Hi, sorry my ignorance. 
How can I type this waved accent used in Portuguese?
the one for "nao"..?
obrigado!


----------



## Outsider

Vê as respostas neste tópico, Roi. Chamamos-lhe "til", em inglês _tilde_.


----------



## cuchuflete

Hola Roi...

Olha aquí...http://forum.wordreference.com/showthread.php?t=20801

É muito fácil, não é?


----------



## ines

Roi Marphille said:
			
		

> Hi, sorry my ignorance.
> How can I type this waved accent used in Portuguese?
> the one for "nao"..?
> obrigado!



Hola, Roi, para la ã en Português, tenés que tipear: Alt + 0227
y para la Ã: Alt + 0195


----------



## nycphotography

yes but the method with ALT codes requires a different code for each combination.
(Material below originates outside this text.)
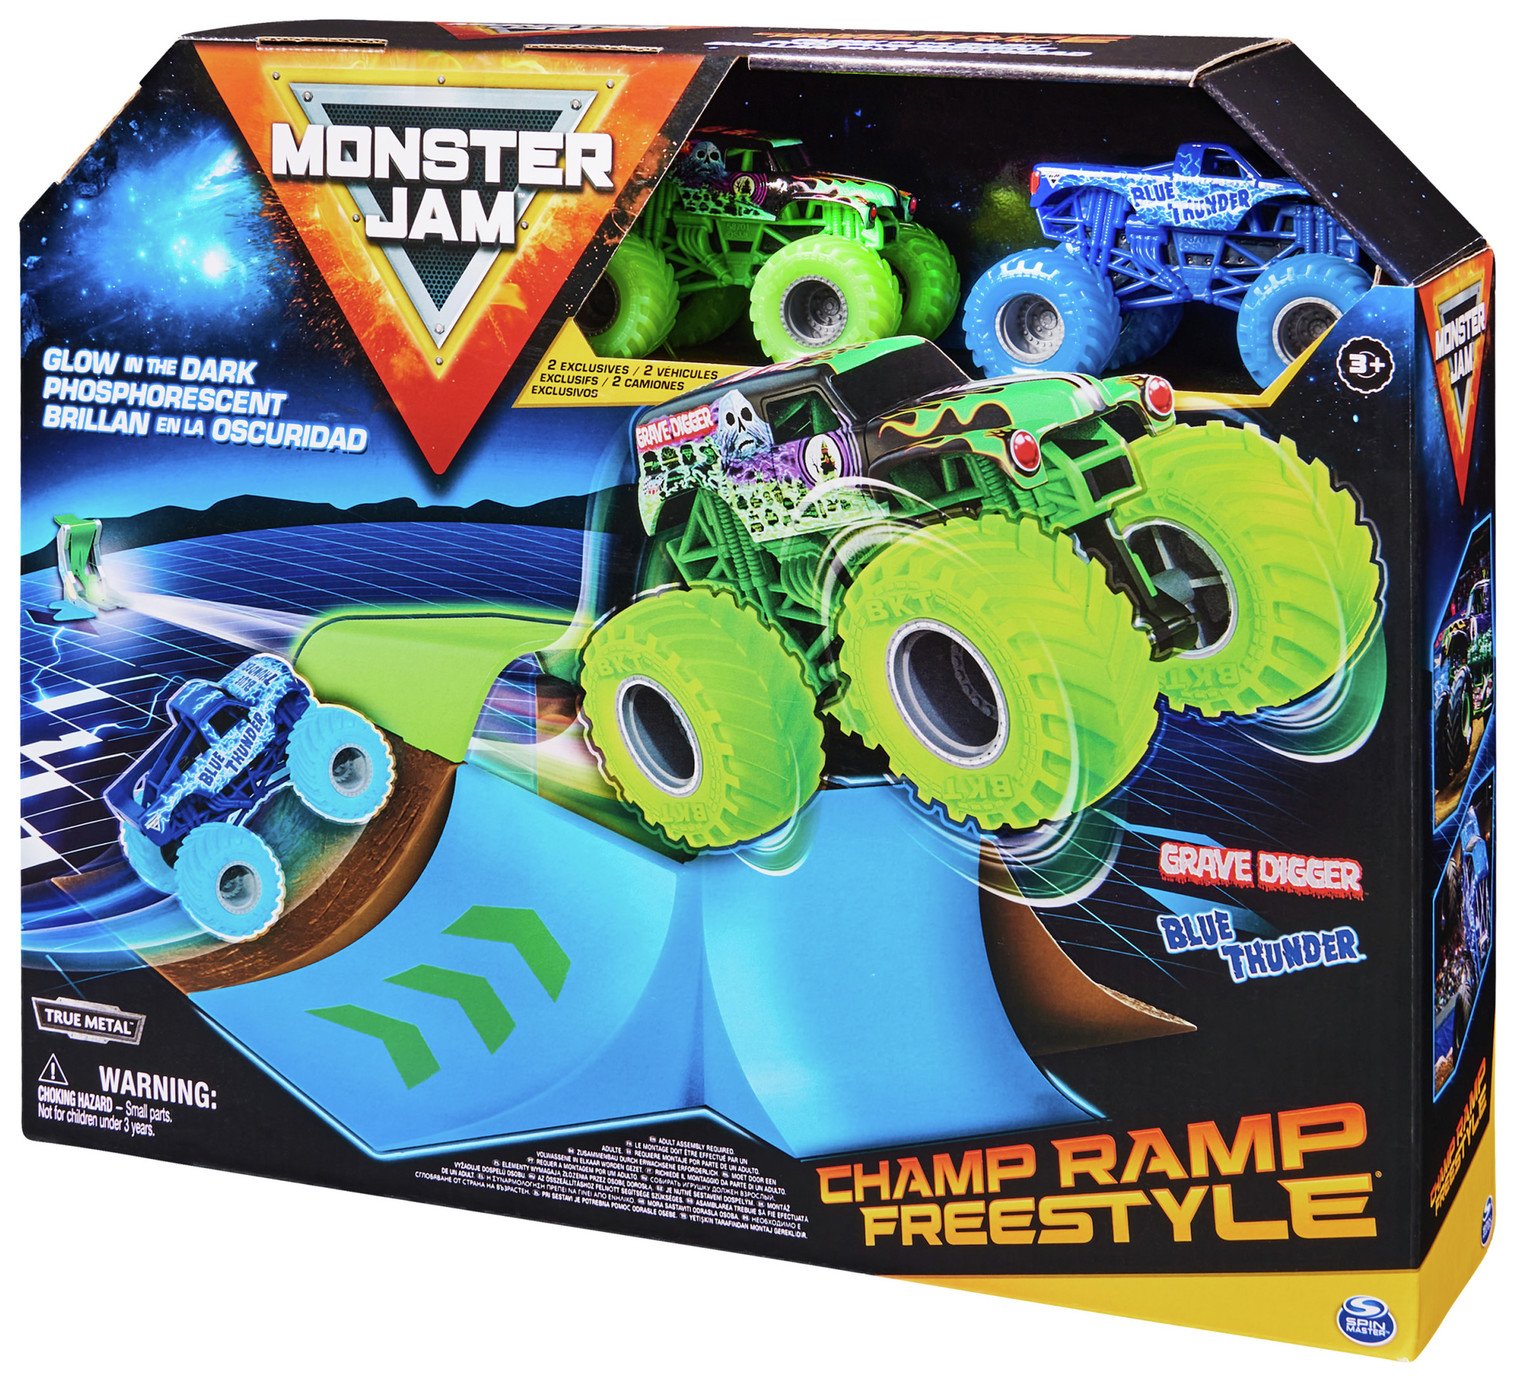 Monster Jam Champ Ramp Grave Digger 1:16 Playset review
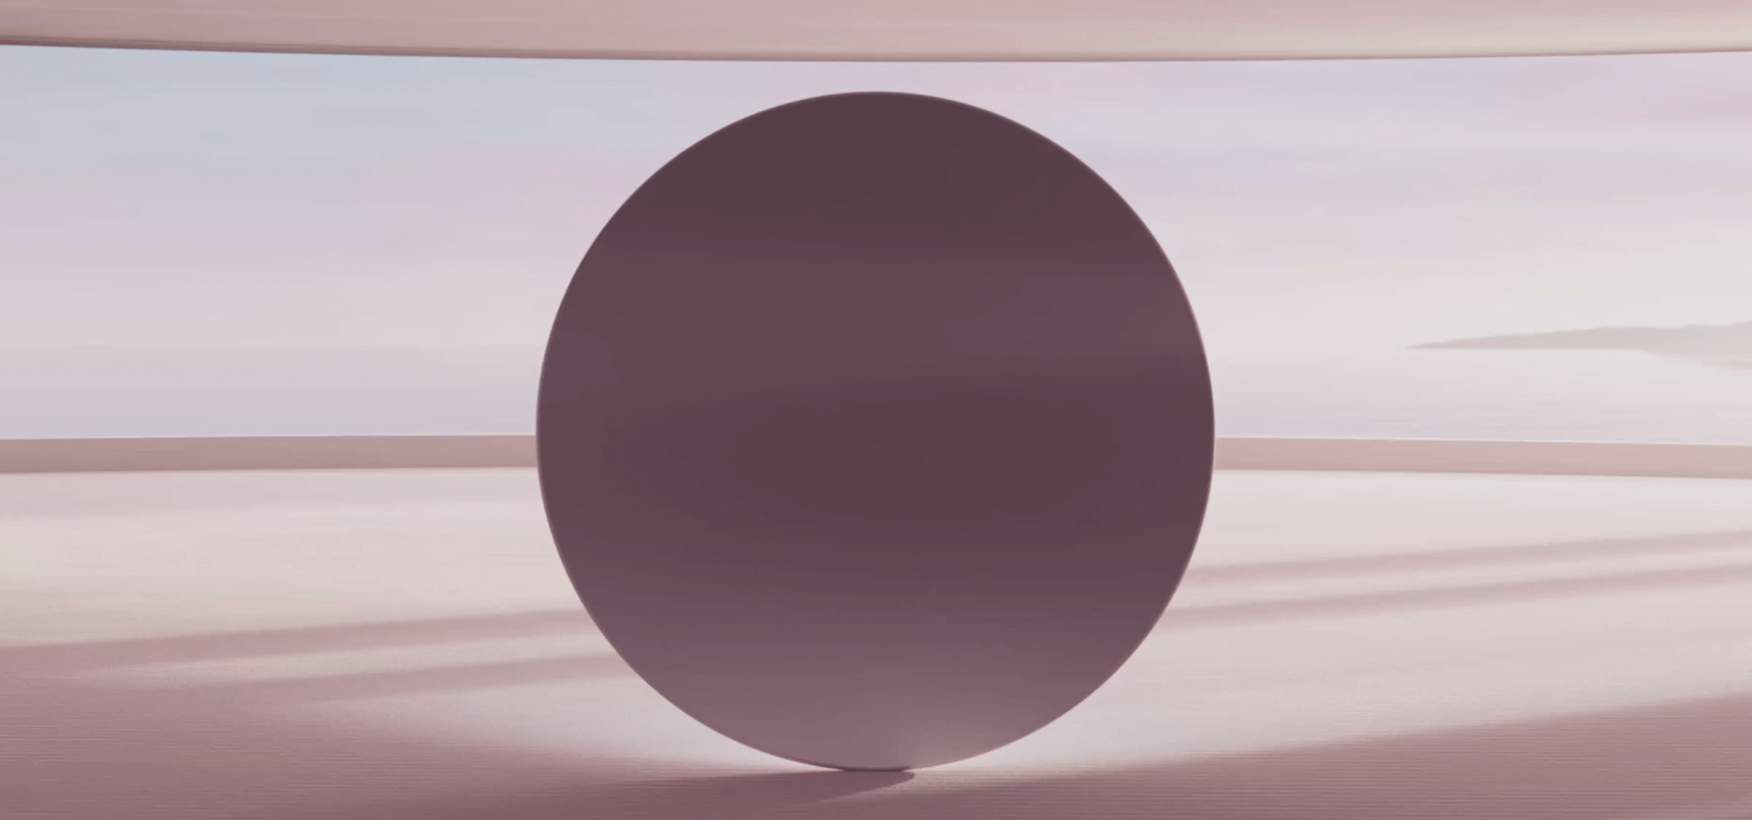 Sphere - Digitales Art Piece, inspiriert vom Audi grandsphere concept

You really want to set up the windows international keyboard, then you can use <right shift><right alt> to toggle into PT mode, after which you merely type  ~a = ã   ~A = Ã, 'c = ç,  'C = Ç, 'a = á, ^o = ô 
and so on.


----------



## Dr. Quizá

El símbolo ~ en el teclado español está en el 4 *no* numérico. Pulsad "Alt Gr" y "4" a la vez y luego "a", "A", "o" u "O": ã, Ã, õ, Õ

¡Más fácil no se puede!


----------



## Roi Marphille

Dr. Quizá said:
			
		

> El símbolo ~ en el teclado español está en el 4 *no* numérico. Pulsad "Alt Gr" y "4" a la vez y luego "a", "A", "o" u "O": ã, Ã, õ, Õ
> 
> ¡Más fácil no se puede!


es verdad!!!!! gracias!
thanks to all.


----------



## Roi Marphille

Disculpem, como poso fazer-lho em Mac?


----------



## cuchuflete

Roi...have a look at the instructions in stickies in every forum.

For MAC, it's ridiculously simple:
Option/alt + n,
then the letter you want to have a tilde.

Example  Opt+n, then n  =ñ
Opt+n, a = ã
Opt+n, o = õ


----------